The gritters don’t come up the hill to us because they are too busy trying to keep the main roads clear. There’s no grit or salt left that we can scatter ourselves and what was ordered has been taken by Birmingham City Council as their need is greater than ours. Apparently.
Oh, and we don’t live in Birmingham.
Nothing for it then, than to rally to the cause and help.
If we don’t do it, we won’t get in or out…. not bad if it is before we set off to work, but not so great if we happen to be at work when more snow comes down.
We went out and helped clear the road and some paths so cars could get up the hill without sliding backwards which is always a good thing if you are driving up hill.
After a couple of hours we got back in and felt we deserved something really good for supper and I had my eyes on some black pudding.
When I met the Bear he said did not like black pudding…. when what he really meant was that he had not had black pudding cooked in a way that he liked. Now? After three years of marriage? He really is becoming omnivorous.

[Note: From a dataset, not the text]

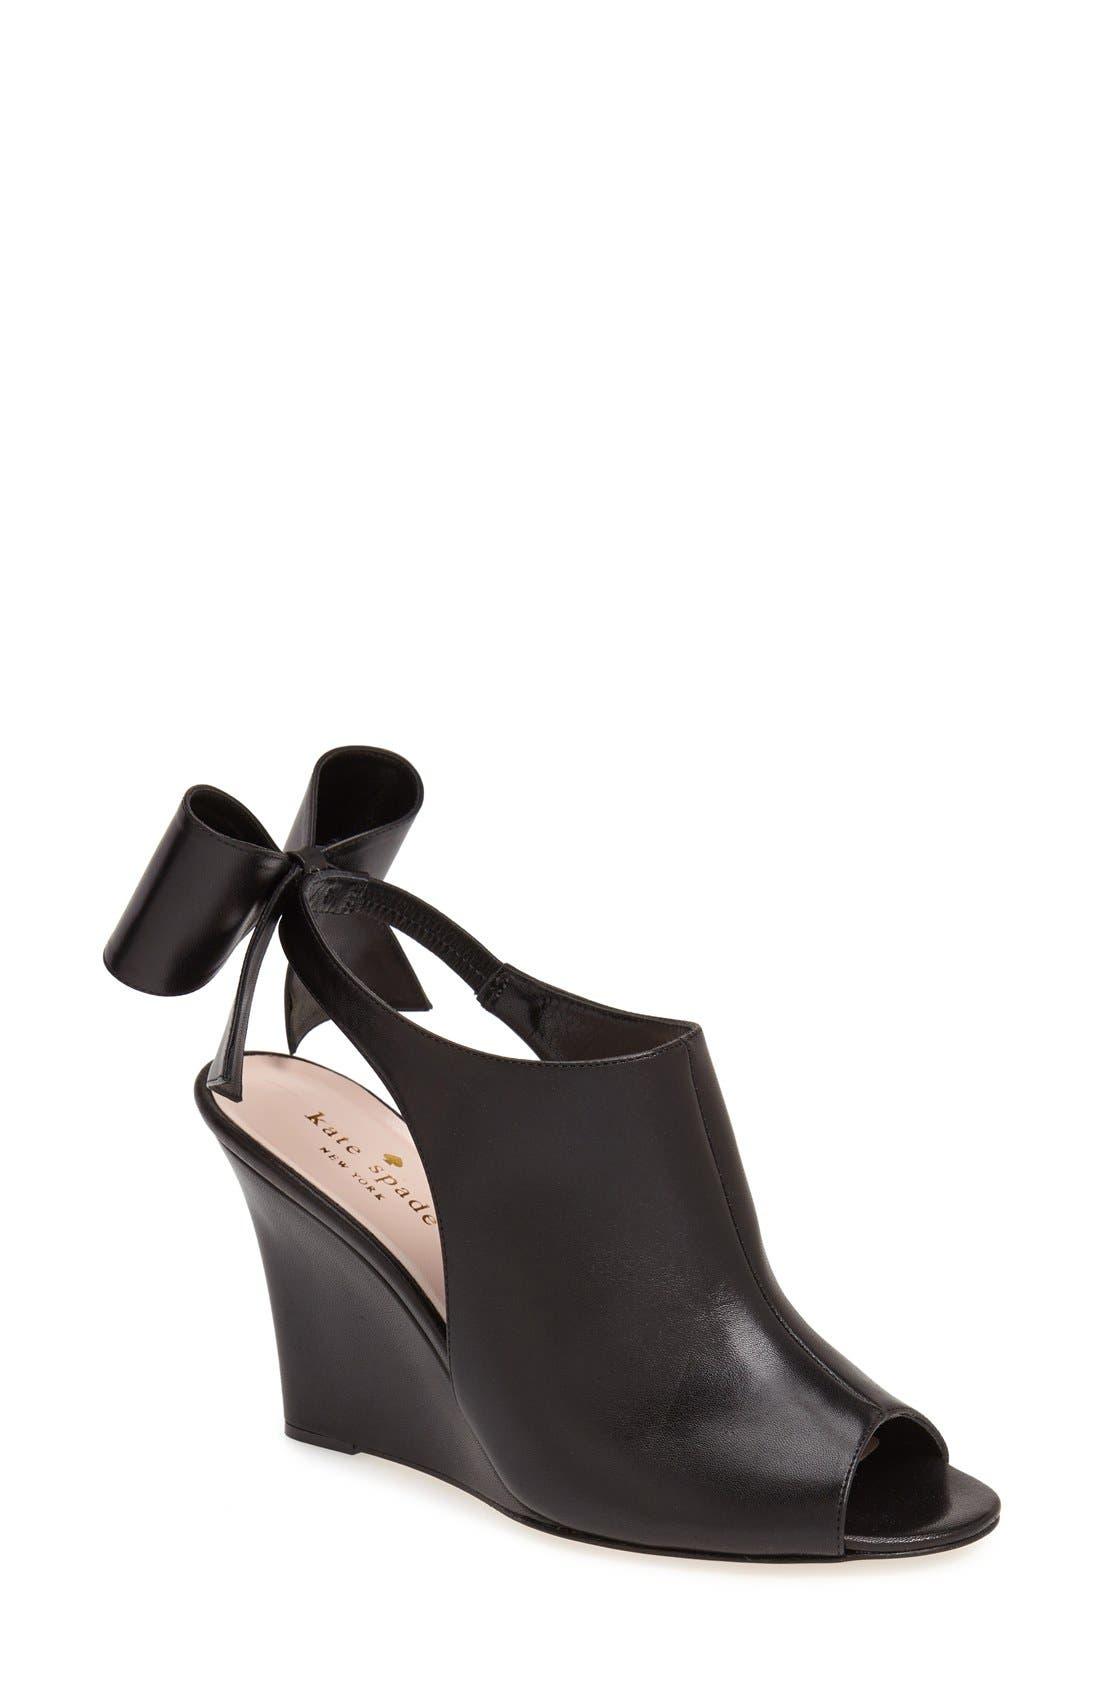 Main Image - kate spade new york 'ira' slingback sandal (Women)

I have plans for most of the black pudding for tomorrow, but there will be enough left for something I have been thinking about… we love risotto and I have a fancy for black pudding risotto. I kept thinking about what would work well with it and realised that bacon and apple would be just the ticket. One thing to remember is that cooking apples wouldn’t be any good in this as I didn’t want the apple to dissolve into a mush, so I chose a bright, sweetly sharp Pink Lady. It was beginning to look like a pink theme was developing so I got some red onions out as well.
Let’s get everything ready –
– to feed four people well, you will need maybe 250g of risotto rice. I am using Fior di Riso, a vialone nano risotto rice which tends to be used more in the north of Italy. Other rices to look out for are carnoroli or arborio – just as long as you do get risotto rice.
2 red onions, 2 big slices of black pudding and 25o g of bacon bits , or lardons , some stock, some butter, a Pink Lady apple and some Parmesan cheese to shave over at the end.
To start with… get two pans out – in one you are going to have stock bubbling away ( you can make your own or use cubes or granules – just make sure they are good quality. I often use Knorr stock granules)
and in the other, melt a knob of butter…. while that is melting, quickly peel and chop the red onion and then add that to the pan with a pinch of salt
After softening the onion, add the rice and stir it round in the buttery juices. This forces flavour into the rice grains – or so I was told…. and then add half a glass of vermouth. You will hear a fantastic sizzle and a really aromatic smell will whoosh out of the pan.
All the alcohol evaporates and you are just left with an enigmatic hint … it’s quite safe, even for children to eat. If you haven’t got vermouth then a dry white wine or maybe some sherry would be good. Just stir it round until the liquid is absorbed by those greedy rice grains.
Once the vermouth, or wine, or whatever has been absorbed, add a ladleful of hot stock and stir it gently round so that can also be absorbed.
Oh and this IS important – I was taught to make risotto by a real Italian cook and it was stressed that when you stir the risotto, you stir in ONE direction only. This isn’t some mad superstition, there is a valid reason for doing it – if you just keep going in the same direction, the rice grains swirl around in the beautifully flavoured stock, absorbing as they whirl. If you go bashing them back and forth with a wooden spoon, they start to break and starch comes out into the stock, making it gloopy. The aim is just to get each rice grain swelling separately.
I love making risotto because I particularly love just standing there, quietly, ladelling in stock, stirring gently and relaxing. It doesn’t take long, you know – maybe twelve minutes or so, just until the rice has absorbed enough of the stock to be plump and delicious with just a hint of a bite to it.
Trust me – doing it this way makes the risotto really good.
While this is all going on,
put the lardons of bacon into a frying pan and cook gently – you need to get the pieces tender before you add them to the risotto. Once they are ready, add them and any of the juices to the rice, stirring gently as you go.
Start to cook the black pudding now – keep the heat gentle and cook both sides so it changes into rich and shiny, slightly crusted slices of spicy black pudding.
Roughly peel and cube the Pink Lady apple and then add that in – you aren’t wanting to cook it through, but it does want to be in there for a few minutes, so all the flavours can blend
The final thing to do is to add a knob of butter to the risotto… this enriches the stock, giving it a lovely rounded flavour…. stir it round gently…
Then, put your risotto into your bowls and break up the black pudding over the top….
A few shavings of Parmesan over the top finish it off
The result? Really good.
Each spoonful has the perfect combination of bacon bits giving a lovely savouriness and a gorgeous chewiness amongst the savoury rice… the little nuggets of Pink Lady apple gives a sweet and juicy almost-crunch, while the black pudding provides a deep and earthy richness, bringing it all together.
It didn’t take long at all and it certainly doesn’t involve costly ingredients but it added up to a truly delicious and warming supper – perfect for a freezing night, after an afternoon’s labour shovelling snow.